My Grandmother gave me her recipe book just before she passed away and it is one of my favourite books and my most prized possession. It is from this little hard backed, handwritten jotter that I find most of my bright ideas in the kitchen. Its pages are worn, spattered and turning yellow at the edges.

In between the pages are endless scraps of paper, the ends of envelopes, old bills, theatre programmes, the backs of cereal boxes, the margins of newspapers, all covered with recipes, all written in that same neat hand, perfectly legible in blue fountain ink.  These recipes are inextricably linked in my mind to memories of my Gran and to all the times we cooked together in a kitchen full of laughter, the results eaten by hungry family members or guests.

The books recipes are spotted with grease or flicks of batter from a cake or biscuit mixture.  The spine sits open at any recipe as they have all been made hundreds of times over the book’s life span, some of the recipes are simply lists of ingredients, while others give detailed methods.  In the margins are notes that suggest the recipe was ‘good’, or to ‘heat sugar’ or ‘use a silver spoon’ to fold.

Then there are those that have the scantest of direction, such as the recipe for fudge, which lists the ingredients as 2 lbs soft brown sugar, 1 small tin of condensed milk, same tin filled with milk, ¼ lb salted butter, drops of vanilla extract and then says, ‘Boil for 10 mins.  Add milk, boil till brown – beat’.  Surprisingly, given the brief methodology, it’s a recipe that works perfectly every time.

This old book is a book of memories, as well as recipes.  It records the legacy of my Gran’s love for baking, a gift she passed on to me, and I find that baking from this book grounds me.  Some of the recipes are over a hundred years old, passed down from generation to generation of cooks in my family with love and great care.  There are nearly 100 recipes in total for things as varied as Coffee Kisses, Yum Yums, 15’s, Orange and Chocolate Cake, Coffee Cake and the range goes from Sweet and Sour Pork to Sausage Savoury and Golden Caramel Glaze. There’s even a really good recipe for Barbeque Sauce hidden in and amongst the cakes and biscuits.

My favorite recipes are the ones for baking.  This little book calls to me from my kitchen bookshelf urging me into the kitchen to create and bake, to take out the scales and whip up a 3-minute sandwich or peanut butter squares, meringues, 15s, flake meal biscuits dipped in chocolate, sponge cakes, Swiss milk toffee, melting moments, raspberry buns or tea muffins every time I read through its pages.  It gives me ideas for new recipes, and allows me to experiment with twists on old.   There are recipes from New Zealand cousins for a type of Anzac cookie and from distant Canadian relatives for Canadian Nutties – another form of biscuit.  There are several types of pastry, each with a family name beside them.
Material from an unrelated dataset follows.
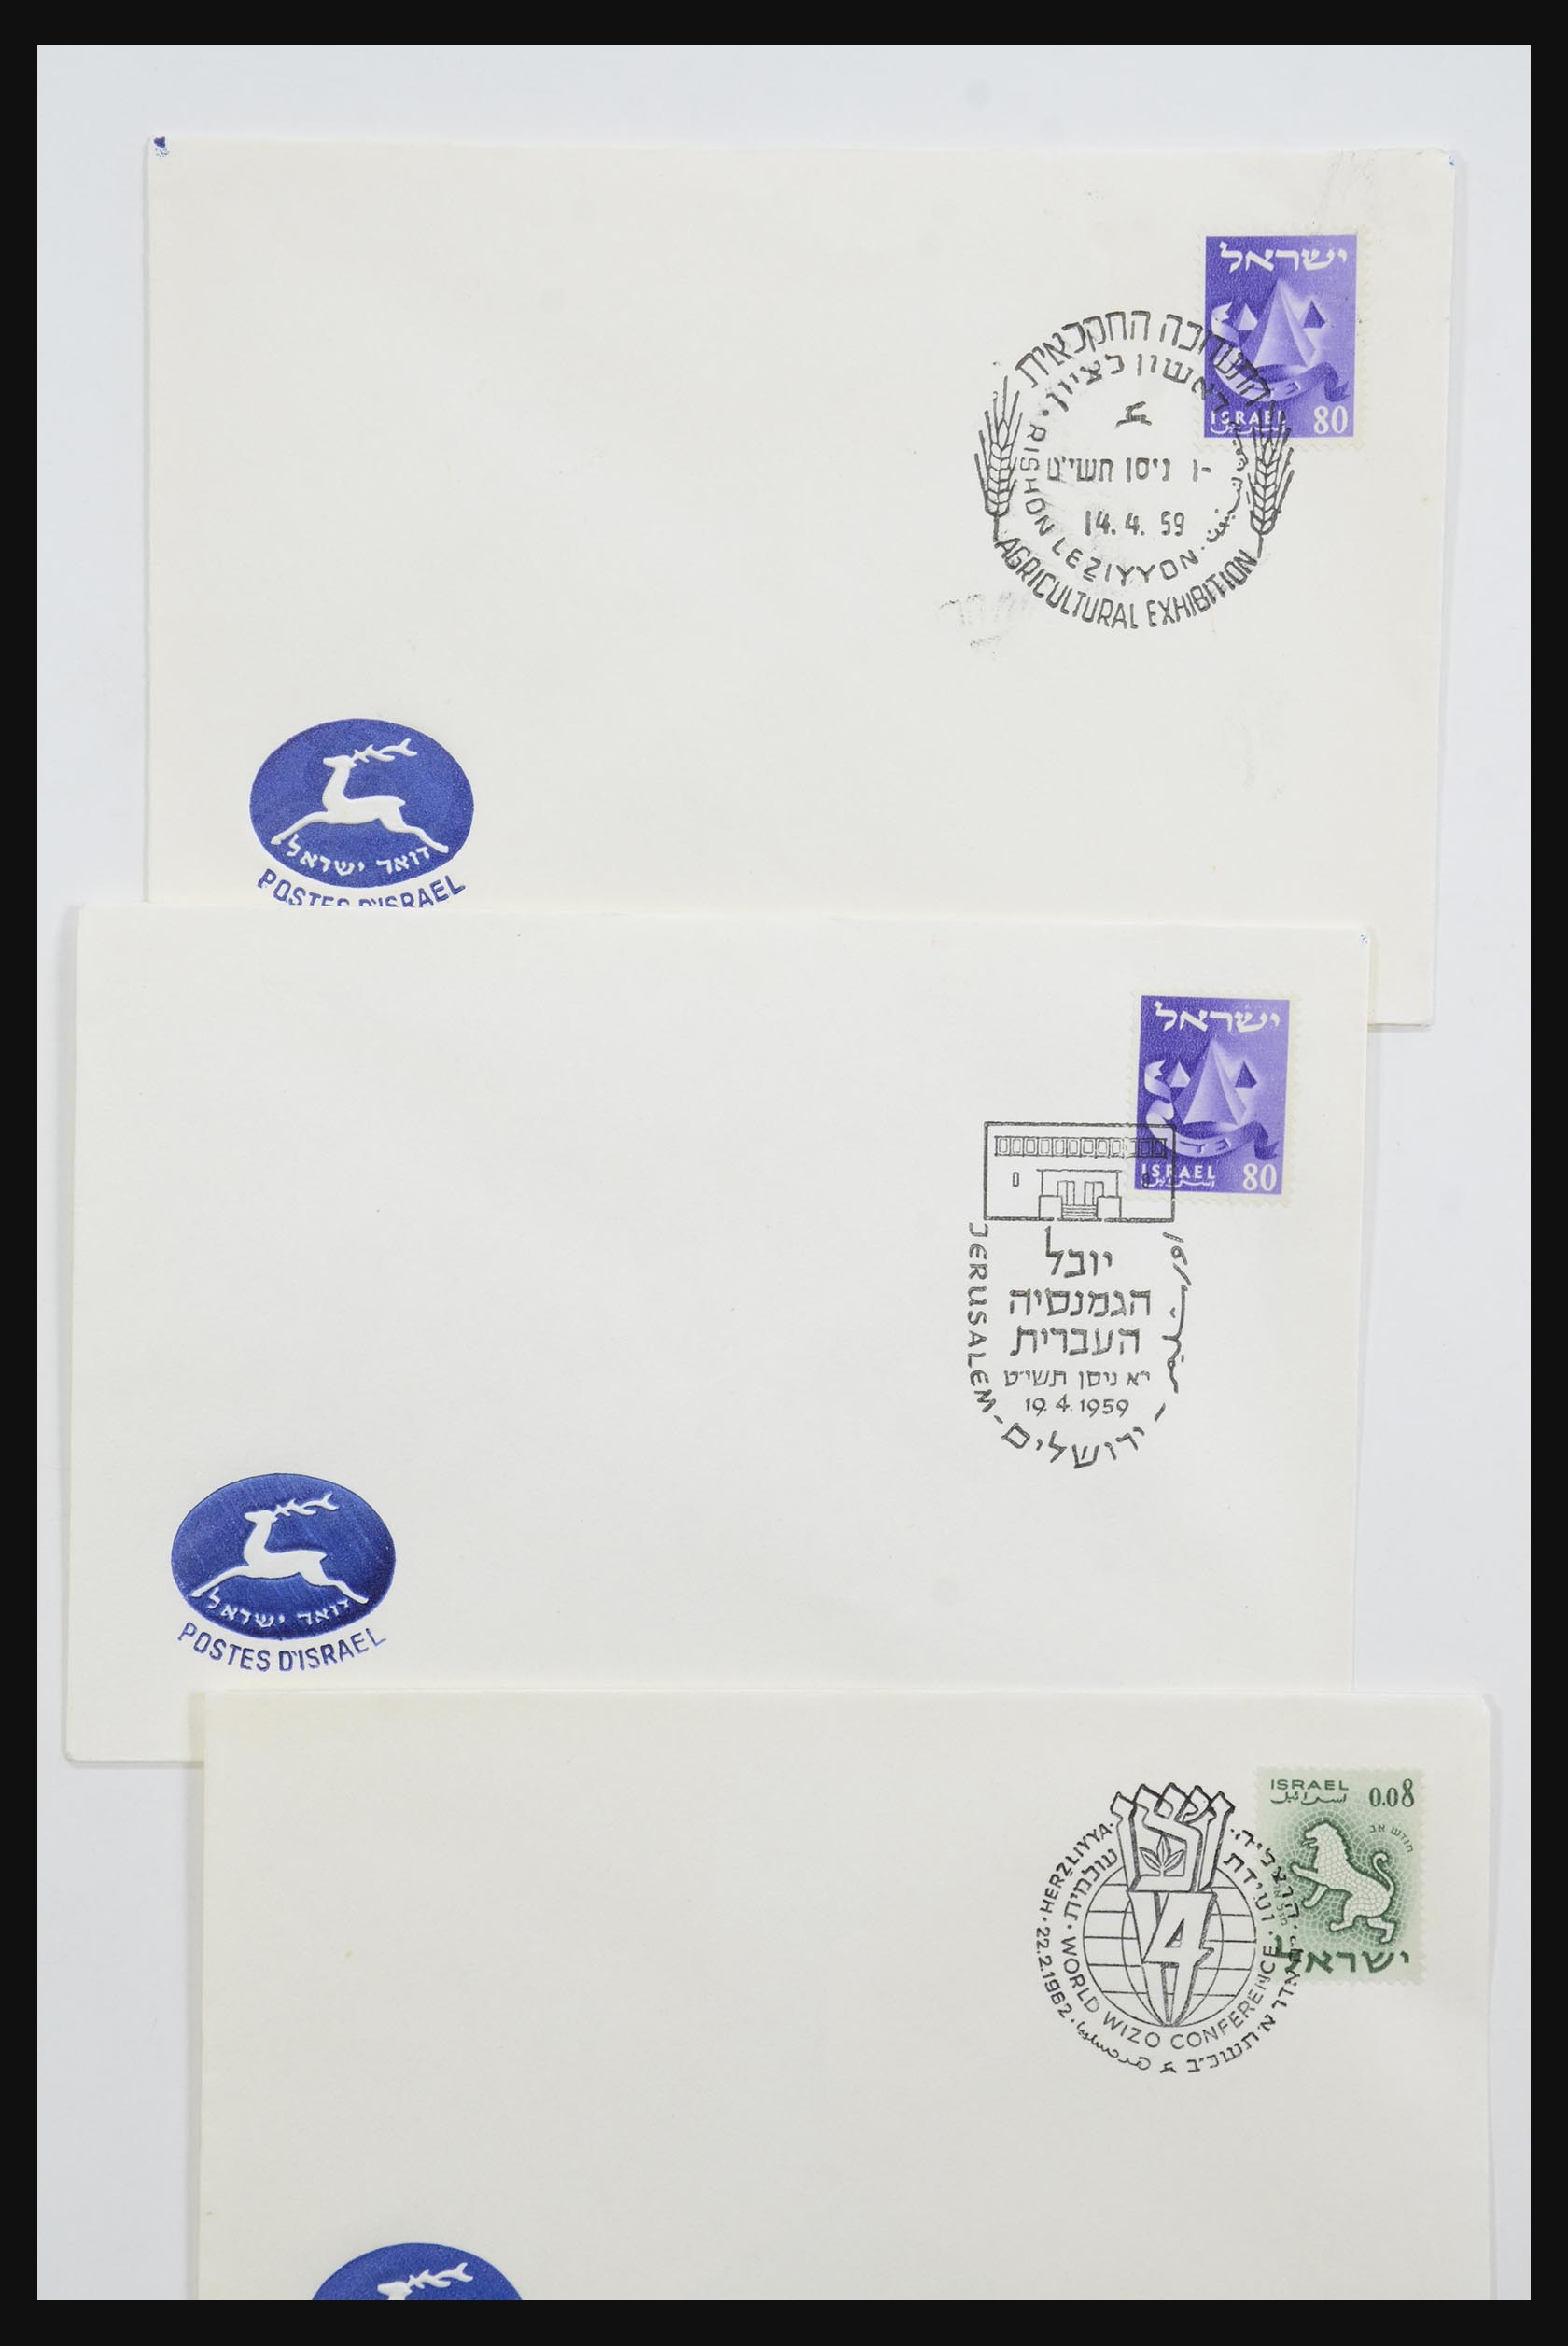 31924 041 - 31924 Israel first day cover collection 1957-2003.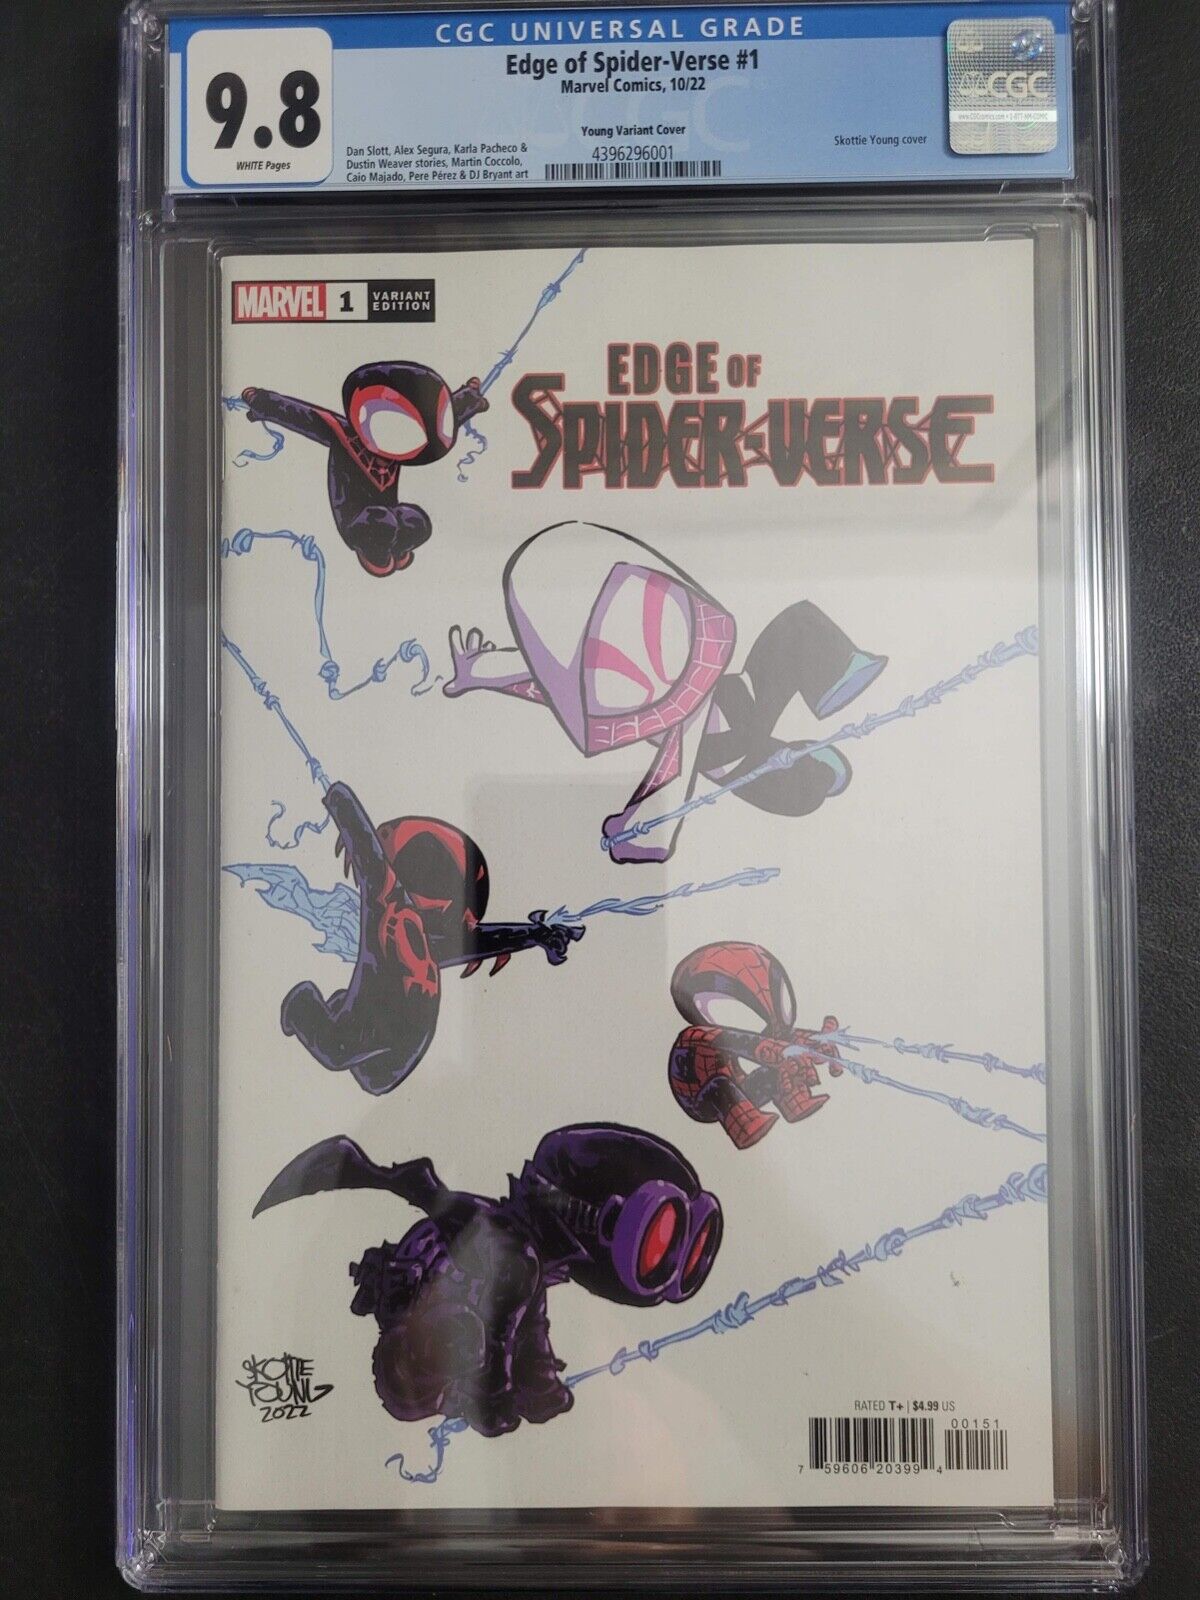 EDGE OF SPIDER-VERSE #1 CGC 9.8 GRADED 2022 SKOTTIE YOUNG VARIANT COVER

Gran shared her love of baking with her own mother and sisters, and gave it to my Mum and me.  We are a family of bakers, who for all the cookery books in Ireland, return again, and again for inspiration to the handwritten recipe book of my Gran.  This recipe book is her living inheritance to us, it tells the story of my Gran’s kitchen and the pleasure she found in making things for other people to enjoy.

From this book Gran would bakehuge birthday party feasts where the table would groan from the weight of delights and the children smile in wonder at the huge array of wonders on top of it: millionaire’s shortbread, caramel fingers, chocolate rice krispie bars, jam sandwiches, bread triangles with hundreds & thousands, top hats, cake, mini meringues, Paris Buns, Gypsy Queens and my favourite wee buns. Her glasses of lemon dunk – a homemade lemonade that Gran taught me to make one very hot summer, when I was about nine – still refreshes with zest and sweetness.  The grown up version includes a splash of gin.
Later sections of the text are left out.